If you look at the costs for the drain the council is proposing, it is a large amount of money. And if the residents took care of this problem themselves, as they have done in the past (p1493 8.5), then many costs could be eliminated.

Manningham council - long acustomed to waste, sloth, self preservation and indifference - can see no problem with the high cost they are charging ratepayers and say it is an entirely reasonable amount (p1454 4.7, p1463 19.6, p1490 7.4).

Les us take a look at the breakdown of the cost on page 1470 and note some of the costs that could be avoided if the owners took care of the problem themselves.

I will just list some possible costs that could be avoided.

    Site Establishment                             3,000.00 (This sounds like a cost for the sake of cost.)

    Environmental Management              1,000.00 (The contractor can take care of this. It is all

                                                                            private land. See also p1448 1.15, 1.16.)

    Surveying and Setout                       2,000.00 (Drain goes down the middle of the easement.

                                                                            Easements are marked on titles.)

    Traffic & Pedestrian Management       3,000.00 (The drain is at the back of private land.

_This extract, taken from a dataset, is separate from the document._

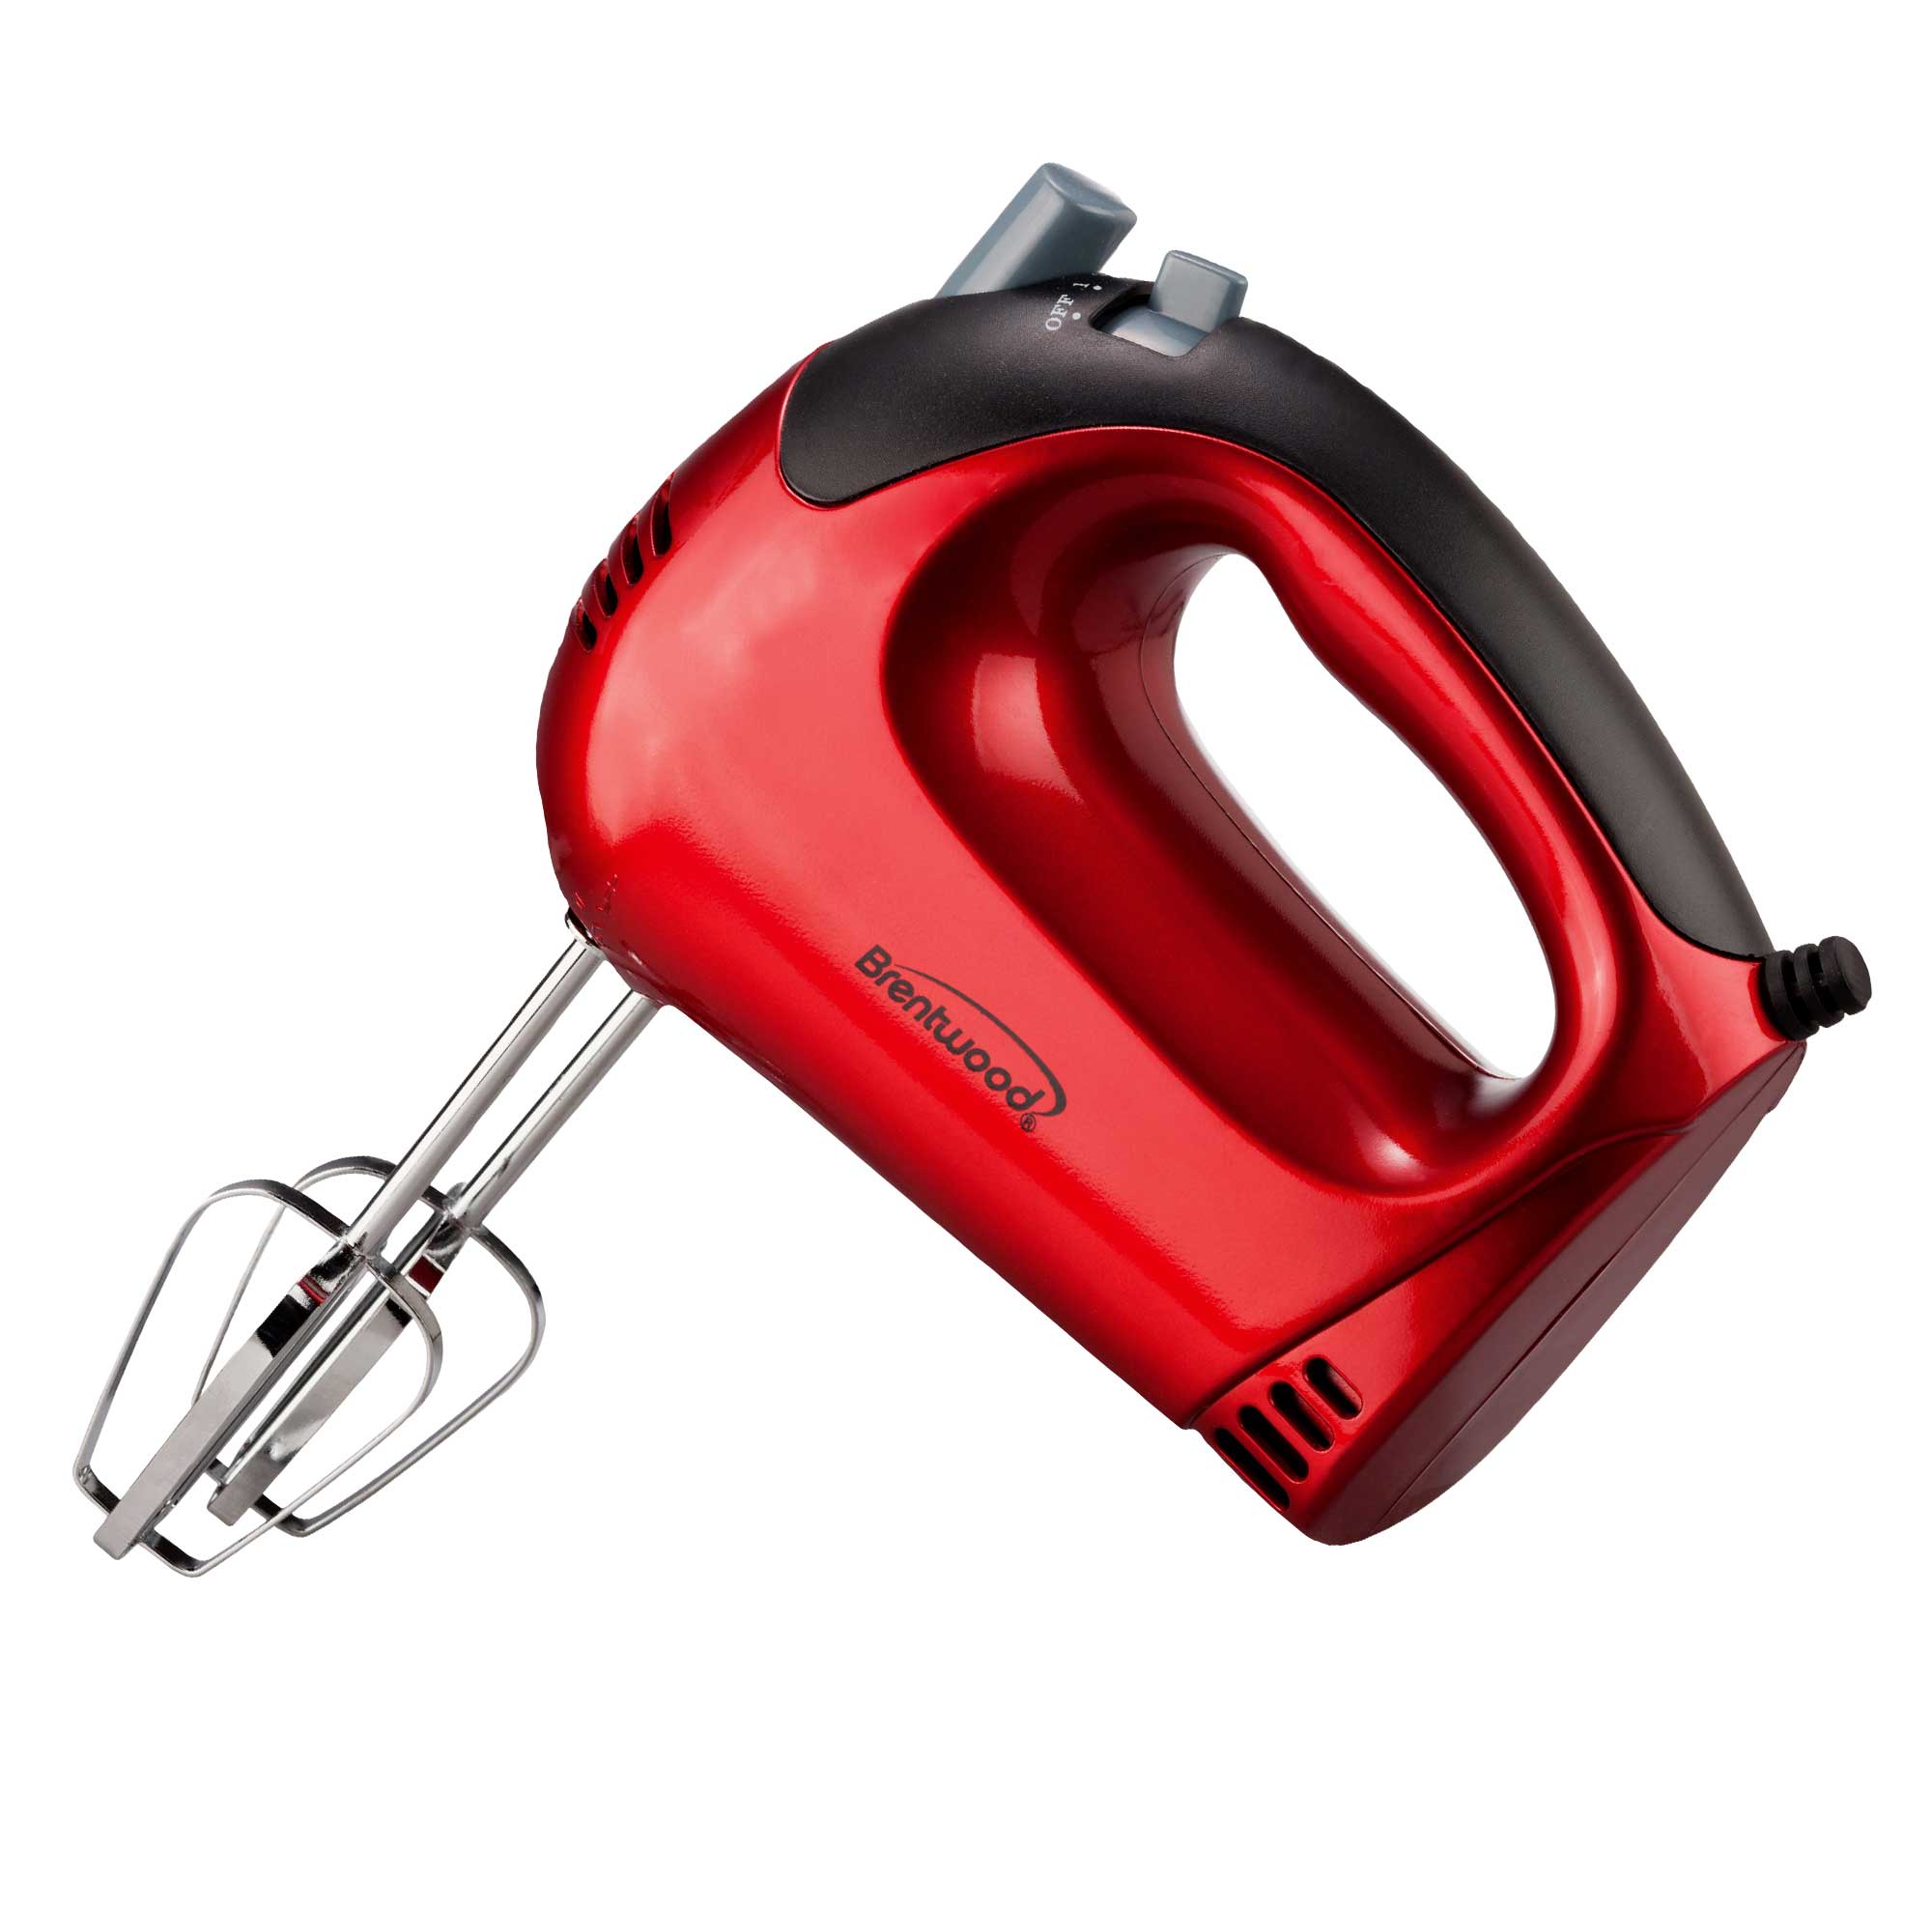 Brentwood HM-46 Lightweight 5-Speed Electric Hand Mixer, Red

                                                                            No pedestrians should be there nor should

                                                                            they have access).

    CCTV inspections of completed drain 2,000.00 (Get an honest contractor)

    Project supervision                          17,986.00 (Get an honest contractor)

    Contingency                                    11,979.00 (Get fixed price quote)

                                                          _________

                                                          $40,965.00

That isn't a bad saving. I am sure that if residents get some competitive quotes and do some of the clearing and rebuilding of sheds, fences and replanting of trees themselves they could save even more.

But unfortunately we do not do such things today. We are developing a bad habit of running to government every time something goes wrong and expect them to fix it. We pay dearly for this.